In the records below, find the line with "Lec CF100L Static Chest Freezer", then copy each line exactly until you have copied the line with "fotos galilea montijo". Leave any picture out.

Source data:
__________
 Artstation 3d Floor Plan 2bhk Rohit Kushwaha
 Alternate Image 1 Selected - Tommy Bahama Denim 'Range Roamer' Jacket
__________
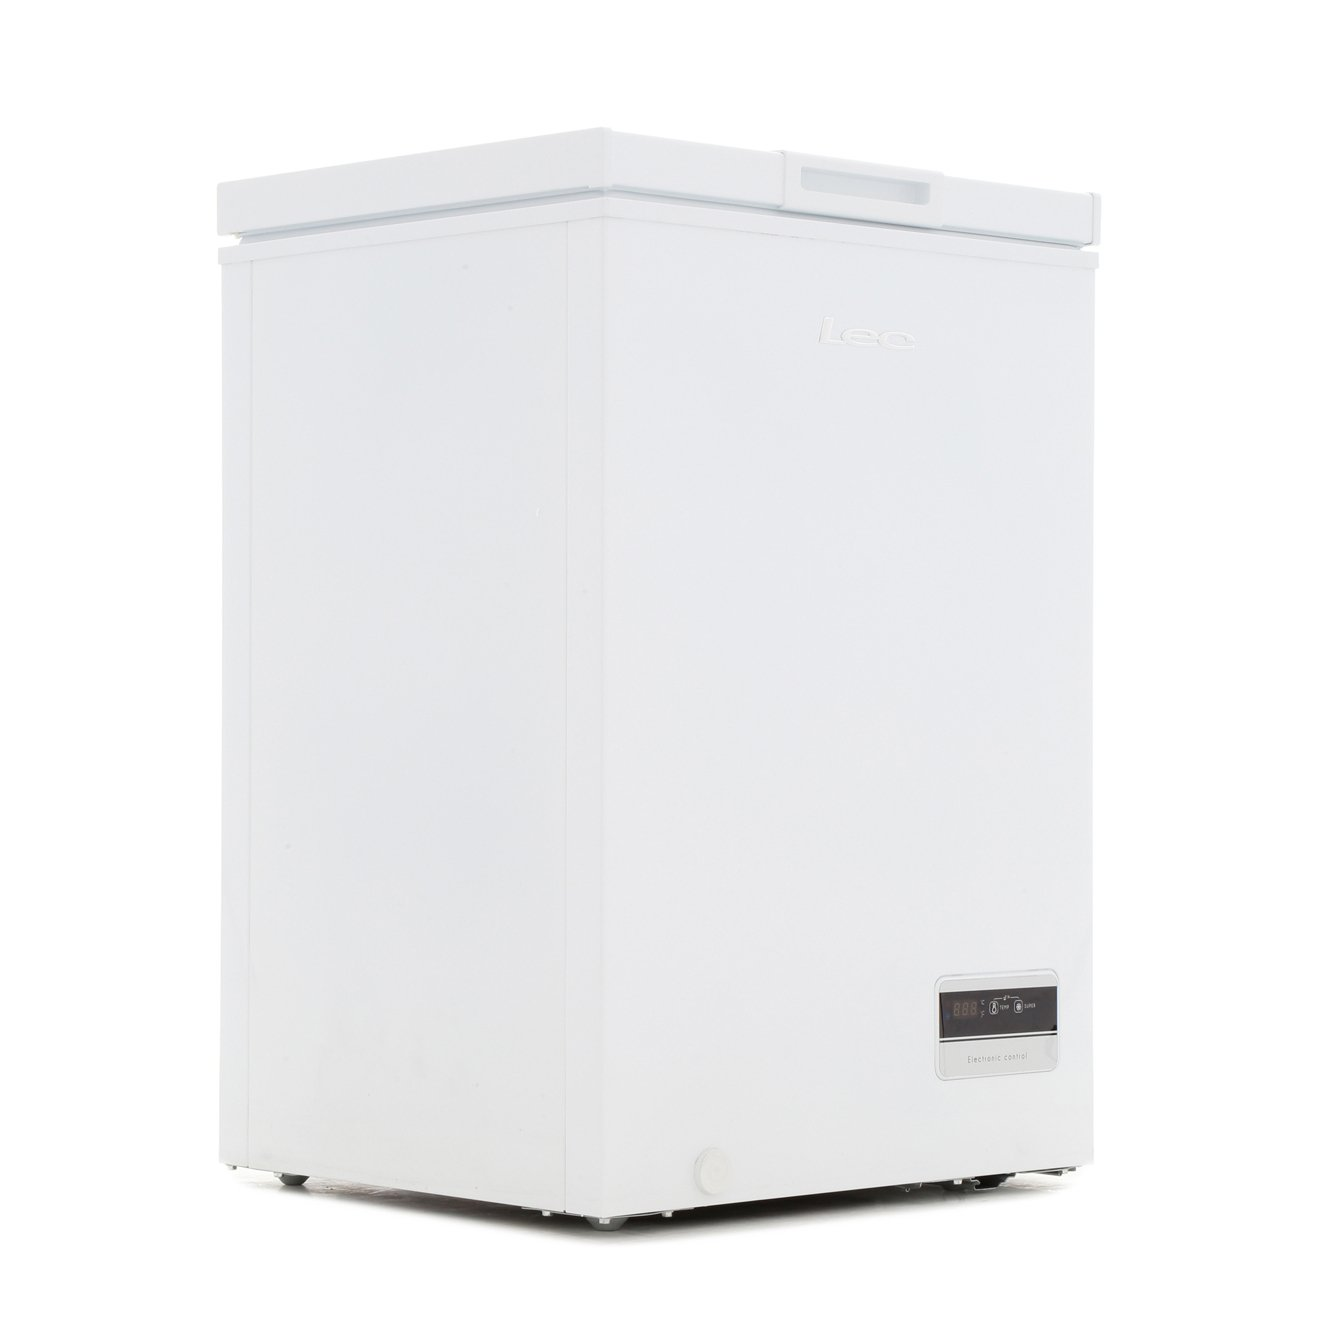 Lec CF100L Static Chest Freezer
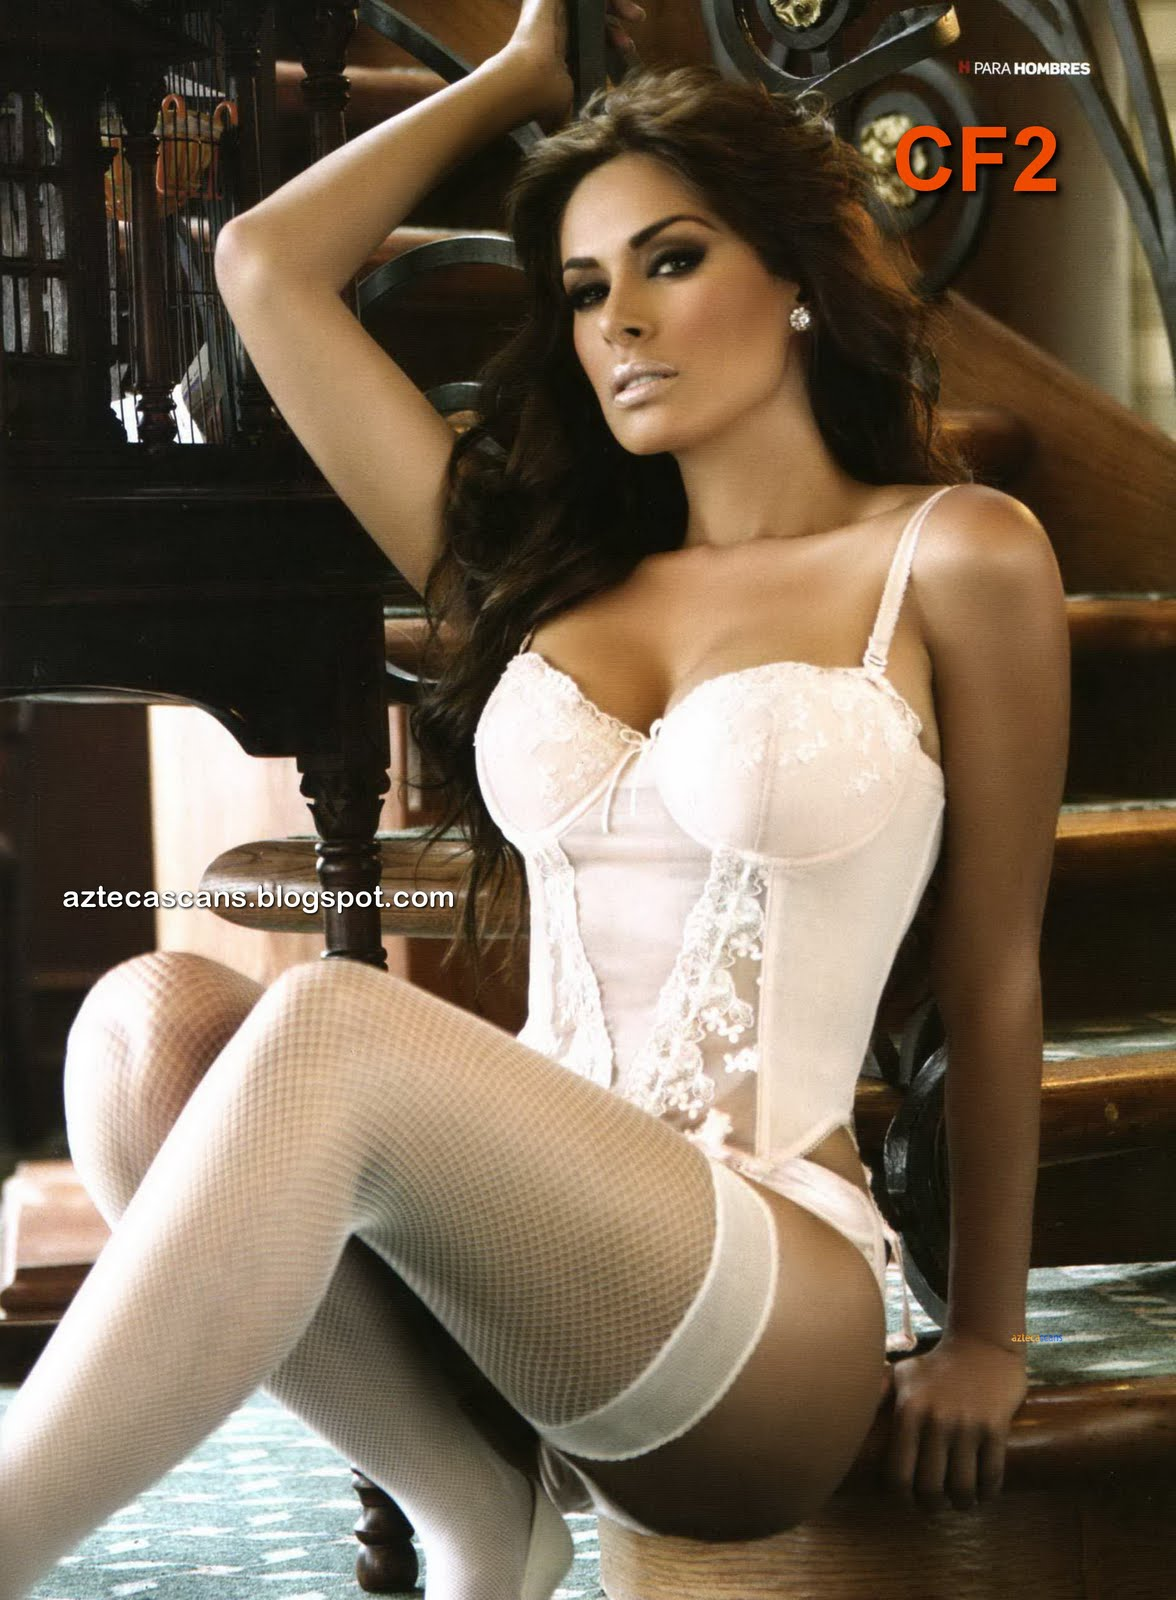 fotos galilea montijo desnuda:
__________
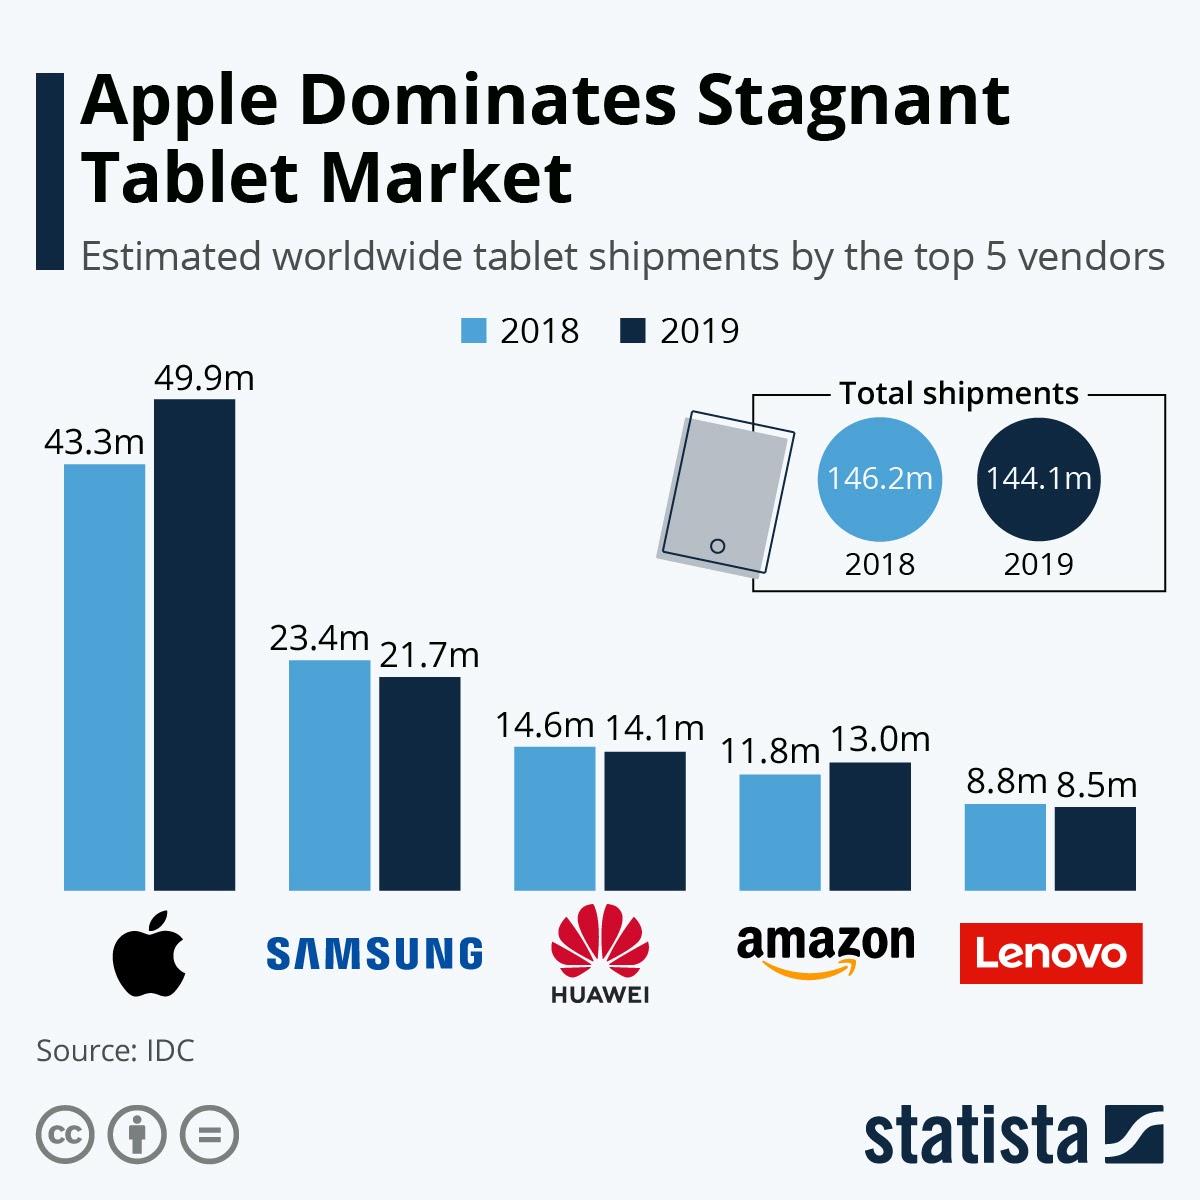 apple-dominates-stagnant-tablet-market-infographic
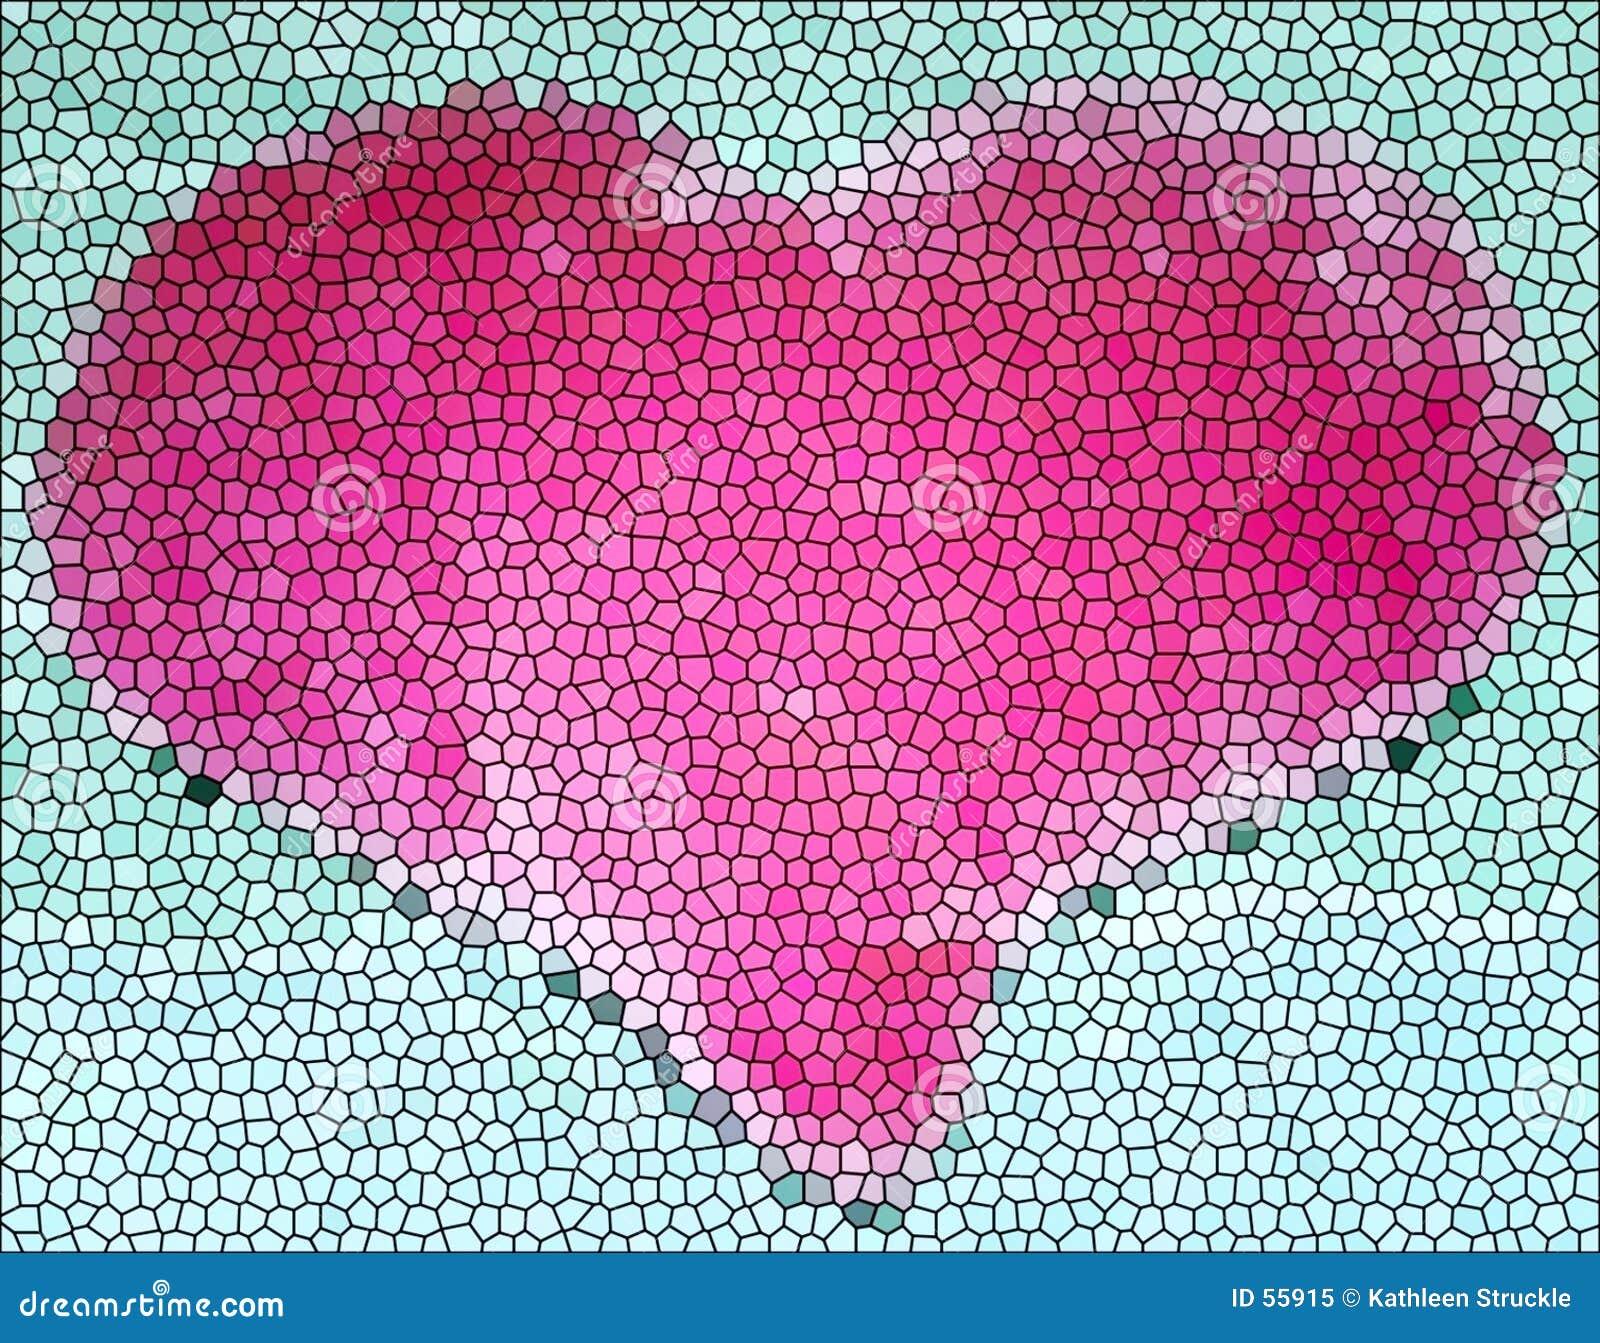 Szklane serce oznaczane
__________
Response:
 Lec CF100L Static Chest Freezer
 fotos galilea montijo desnuda:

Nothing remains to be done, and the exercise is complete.